🤖 AI Summary
This work addresses the challenge of recovering quantized factorial structure under nonlinear mappings in unsupervised disentanglement. We propose Cliff, a novel method that introduces axis-aligned, mutually independent discontinuities—termed “cliffs”—into the latent variable density. This is the first approach to translate theoretical identifiability of quantized disentanglement into an operational learning objective. Cliff leverages density estimation to detect sharp transitions in the latent space and employs a custom-designed objective that explicitly encourages dimension-wise independent discontinuous structures. Crucially, it achieves quantized identifiability of latent factors under arbitrary diffeomorphisms. Extensive evaluation on standard disentanglement benchmarks demonstrates that Cliff consistently outperforms state-of-the-art baselines, confirming both its effectiveness and strong generalization capability across diverse architectures and datasets.
📝 Abstract
Recent theoretical work established the unsupervised identifiability of quantized factors under any diffeomorphism.
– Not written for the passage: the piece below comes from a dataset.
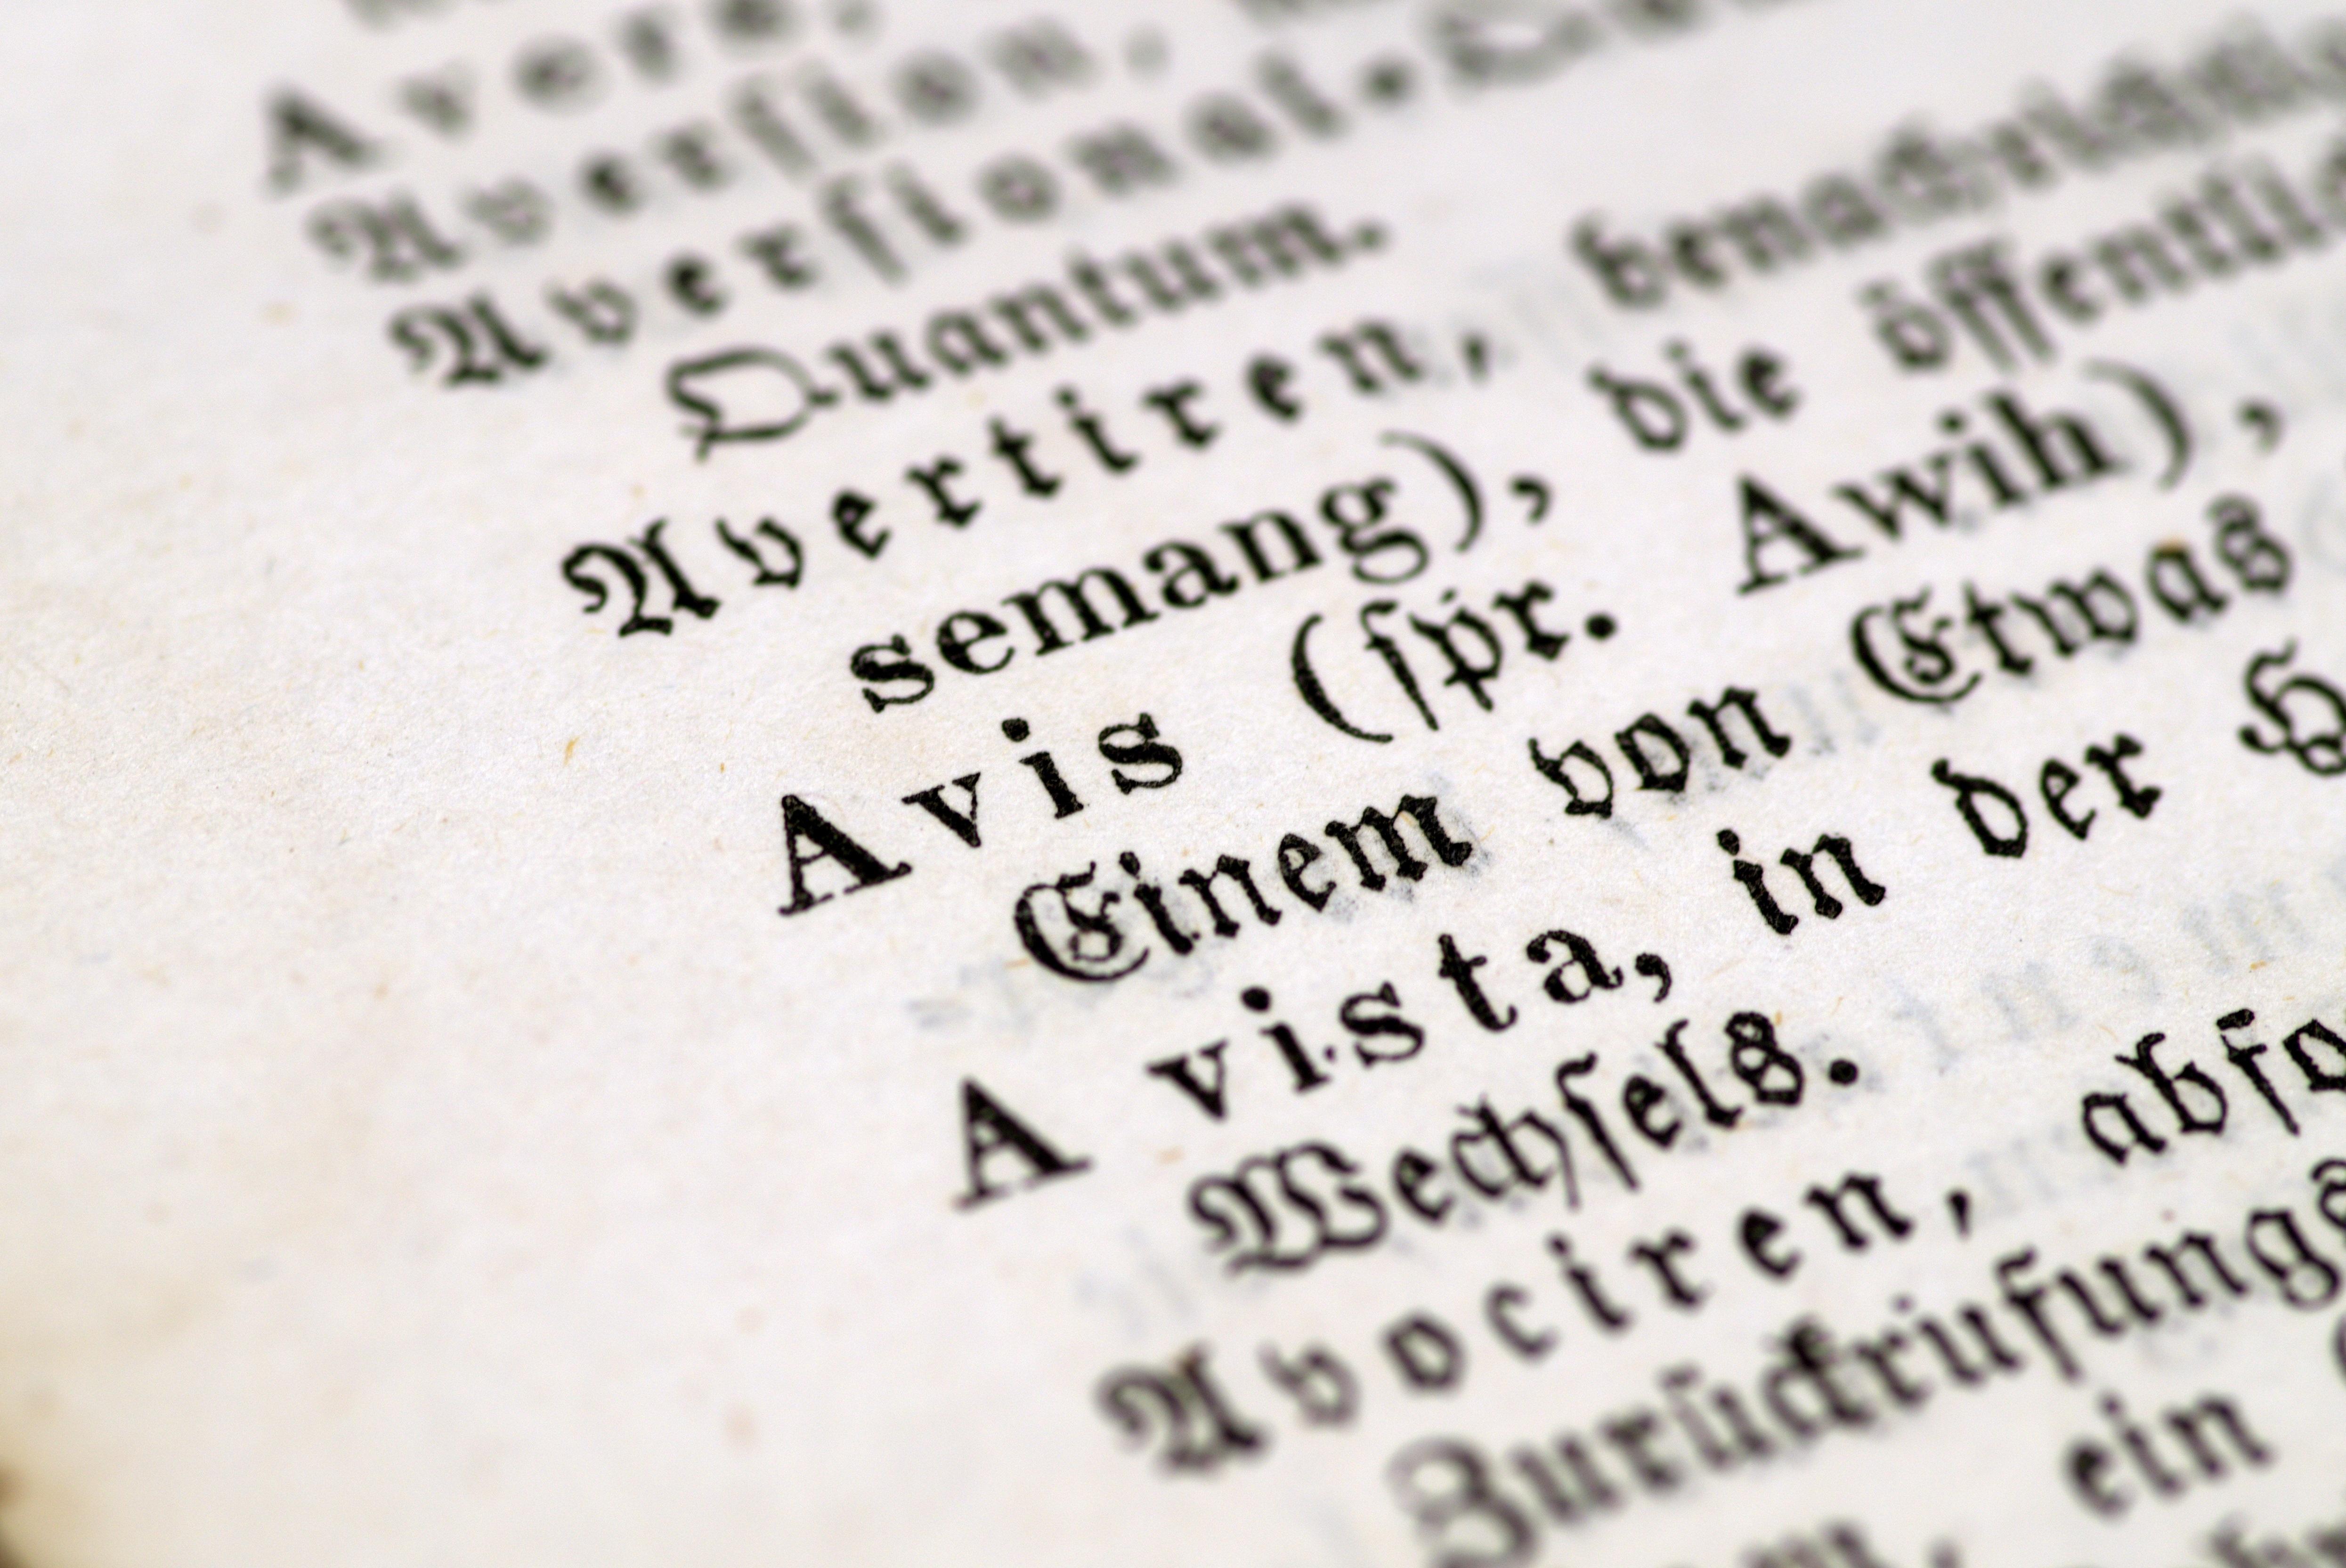 Gambar Penulisan Book Garis Gotik Buku Lama Merek Fon

The theory assumes that quantization thresholds correspond to axis-aligned discontinuities in the probability density of the latent factors. By constraining a learned map to have a density with axis-aligned discontinuities, we can recover the quantization of the factors. However, translating this high-level principle into an effective practical criterion remains challenging, especially under nonlinear maps. Here, we develop a criterion for unsupervised disentanglement by encouraging axis-aligned discontinuities. Discontinuities manifest as sharp changes in the estimated density of factors and form what we call cliffs. Following the definition of independent discontinuities from the theory, we encourage the location of the cliffs along a factor to be independent of the values of the other factors. We show that our method, Cliff, outperforms the baselines on all disentanglement benchmarks, demonstrating its effectiveness in unsupervised disentanglement.